BW #23: Misery index

Why do Americans feel so blah about the economy, even if it's doing well? Let's check the "misery index," which combines several factors to get a sense of why people are feeling bad.

The US economy is doing pretty well. In fact, by many measures, it's doing *really* well. Unemployment is at historical lows, people are spending a lot, there's a fair amount of growth... But people aren't necessarily feeling great about it. Sure, there's inflation, but that has actually come down a lot in the last two years.

So, what gives? Why do Americans say that the economy is only so-so, when so many other countries are suffering even more?

One possible answer, which we'll explore this week, is the “misery index,” devised by economist Arthur Okun. By adding together the unemployment rate and the rate of inflation, you can roughly estimate just how bad people feel about the economy. It's a way to quantify something we all know intuitively, namely that high unemployment and high inflation are pretty miserable, while low unemployment and low inflation give a pretty great feeling regarding the economy.

It might seem weird to add together two percentages that are otherwise unconnected. But it's not a bad first-pass measure of how things are feeling.

Data

To calculate the misery index, we'll need to get two different pieces of data, and then put them together:

  • The inflation rate
  • The unemployment rate

But wait a second — it's very nice to talk about “the inflation rate” and “the unemployment rate.” But as we've seen in previous issues of Bamboo Weekly, there are multiple measures of inflation, and also multiple measures of unemployment. Which ones will we use?

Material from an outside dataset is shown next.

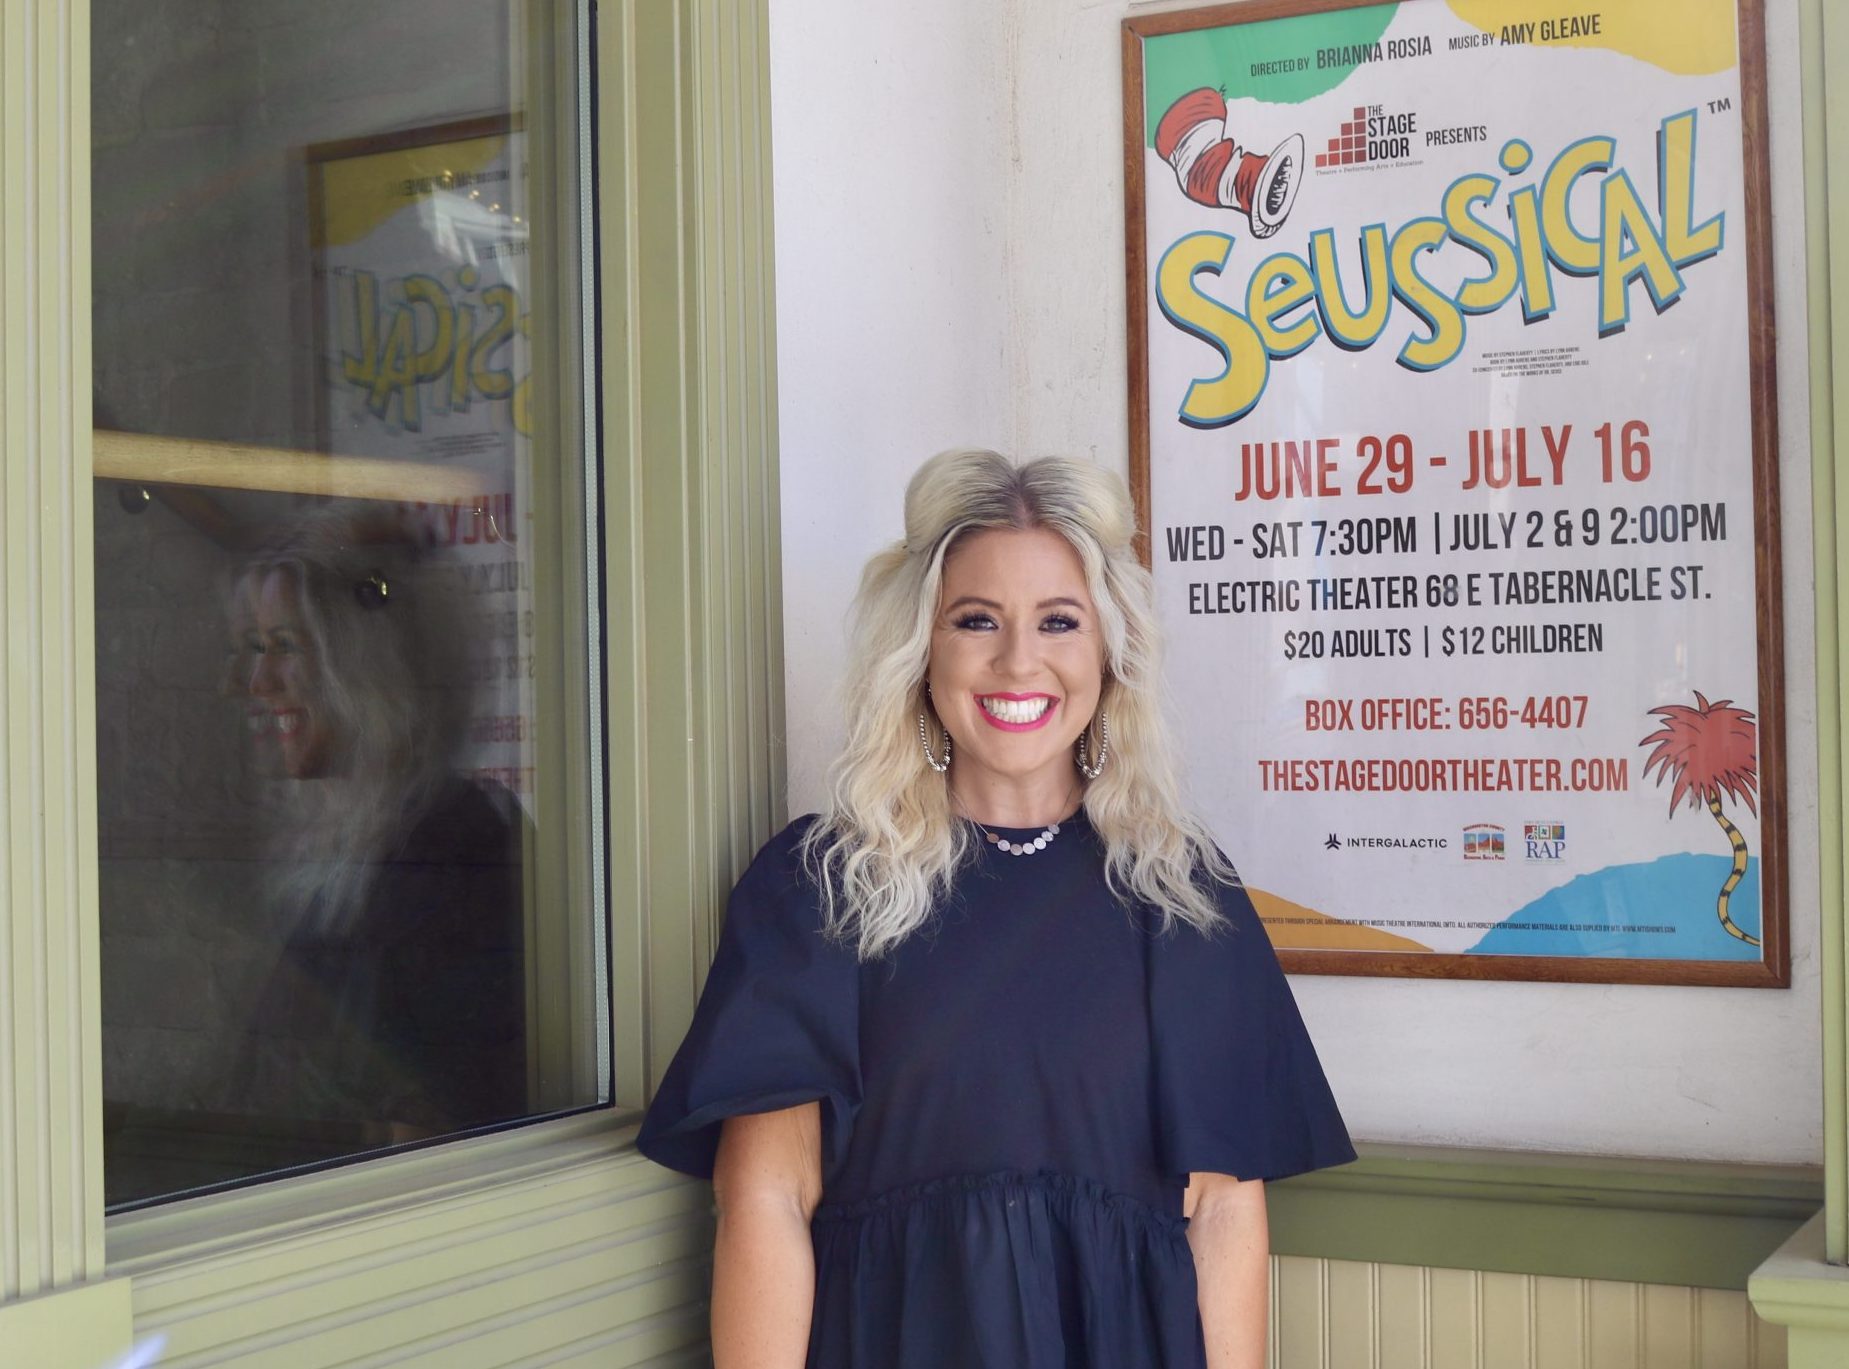 Brianna Rosia, director of "Seussical," proudly standing next to his musical flyer outside the Electric Theater, St. Louis.  George, Utah, July 13, 2022 |  Photo by Jessi Bang, St.  George News

I'm not an economist (although I do find the subject fascinating), so I’m going to do my best to choose the right data and also to calculate these things correctly. (As always, I look forward to being corrected, and thus learning more about this, from readers.) This week, we'll use data from FRED, the data portal run by the Federal Reserve Bank of St. Louis. We’ll use the seasonally adjusted employment percentage, which is mentioned in several sources I read about the misery index. As for inflation, we’ll use the World Bank’s annual inflation numbers for the US. It’s quite possible that other measures will be seen as more accurate or useful.

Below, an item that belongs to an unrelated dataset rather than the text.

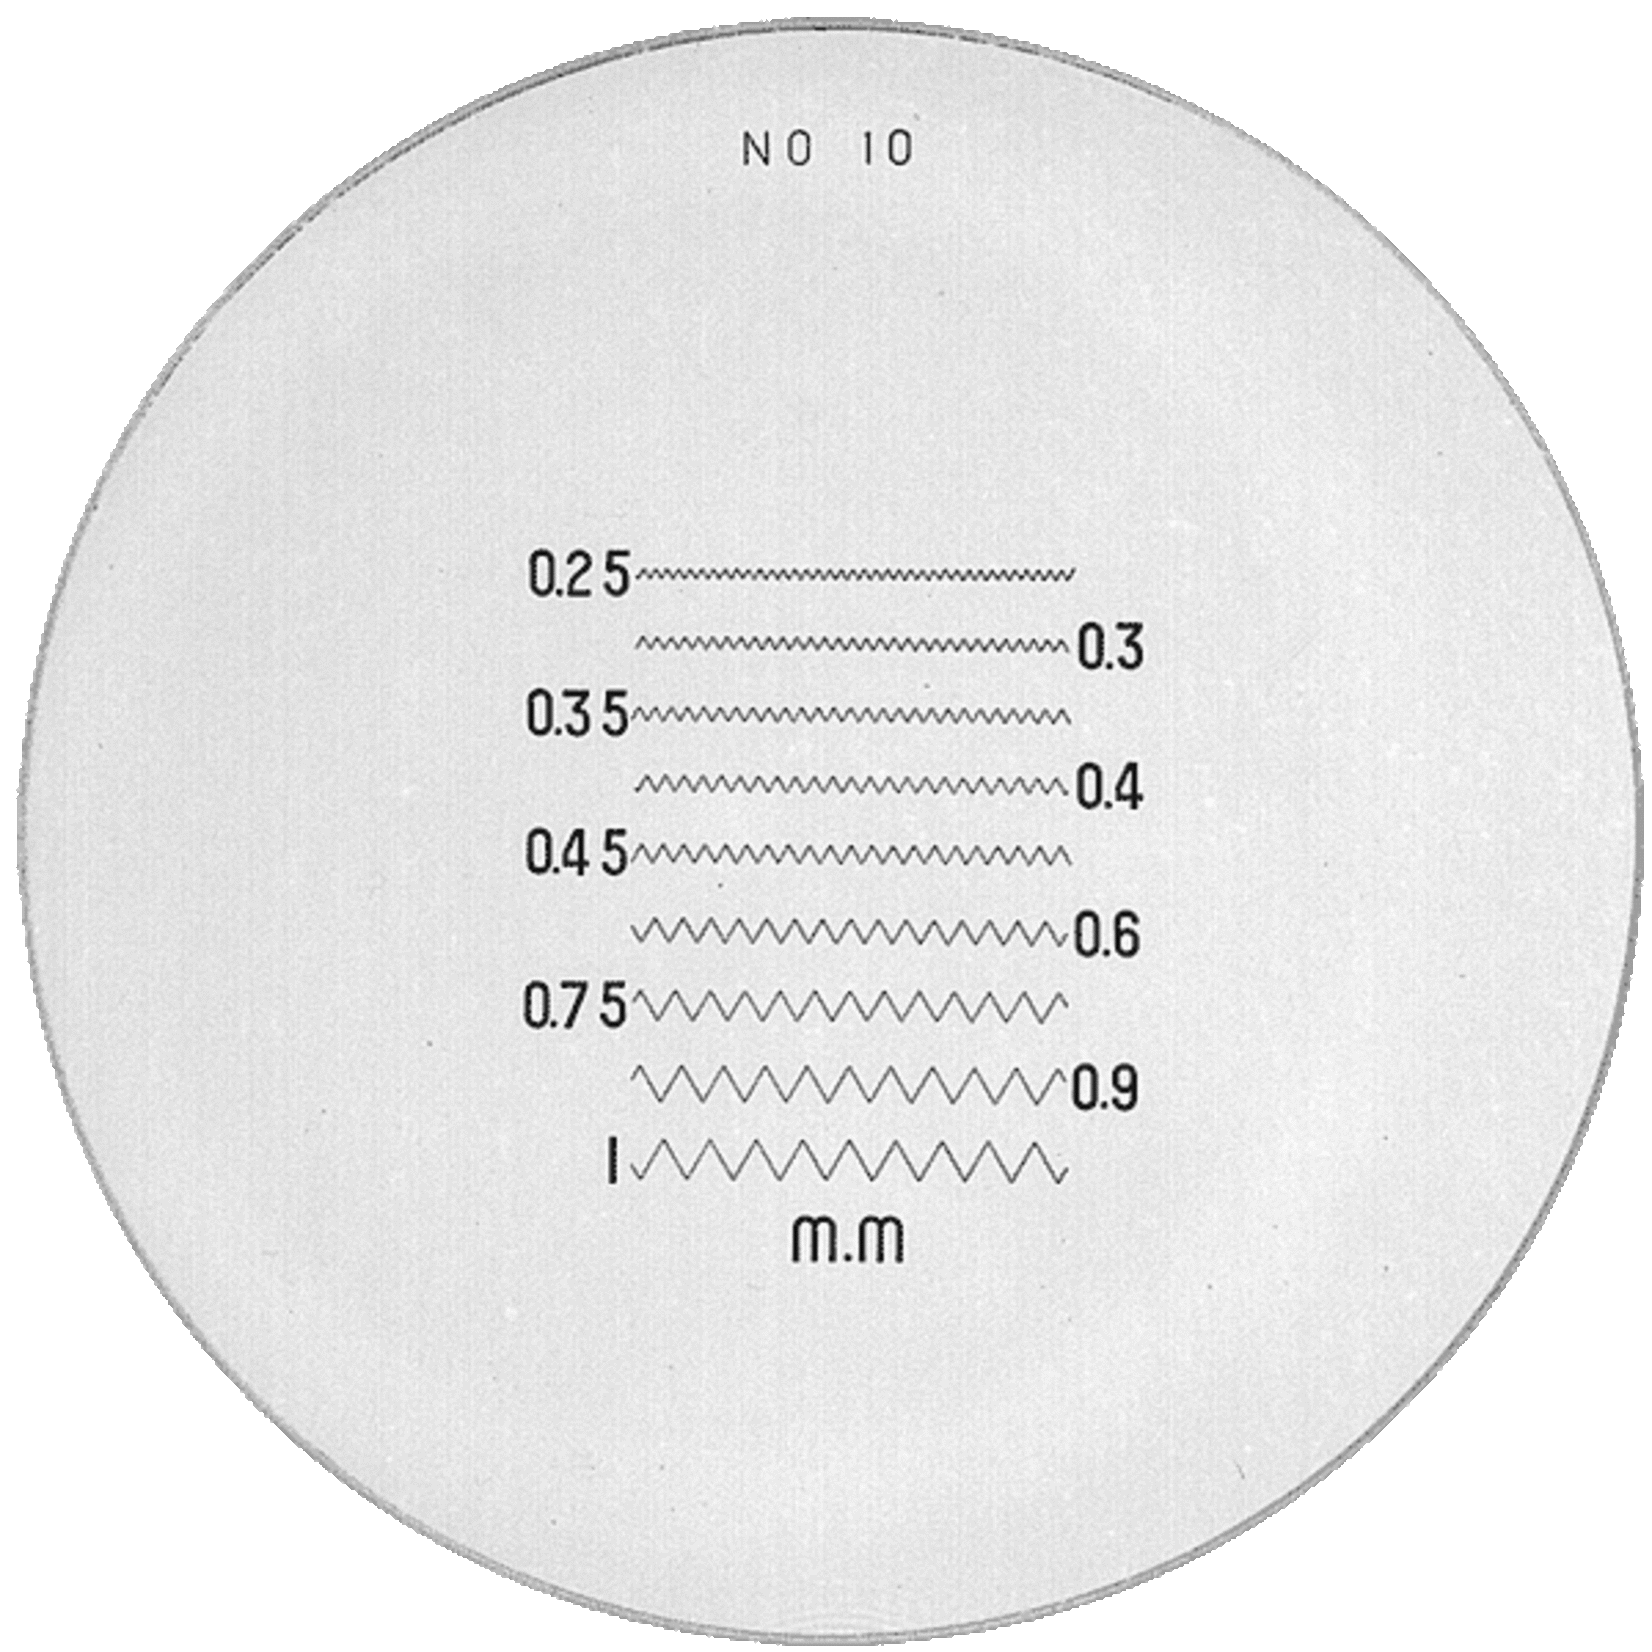 Scales for measuring magnifiers 2015, 1975, 1998 and 1976 in black

I should add that there seem to be some newer versions of the misery index, including the Barro Misery Index (proposed by economist Robert Barro, which includes several factors beyond unemployment and inflation) and a worldwide misery index, proposed by economist Steven Hanke, which can be calculated for many countries. This analysis can thus go in a lot of different directions.

This week, we have eight questions and tasks. The learning goals are to work with Excel files, datetime data, changes, and line plots:

  • Download the seasonally adjusted unemployment numbers, as calculated by the Bureau of Labor Statistics, from https://fred.stlouisfed.org/series/UNRATE . Use the Excel version of the data. Create a data frame from that information, setting the `observation_date` column to be the index, and ensuring that the dtype is good for dates and times.
  • The misery index is calculated on an annual basis. This means that we'll need to transform our data frame from containing monthly data, with 12 rows per year, into one with annual data, with one row per year. Perform this transformation, such that the annual rate for each year is the mean of the 12 monthly calculations.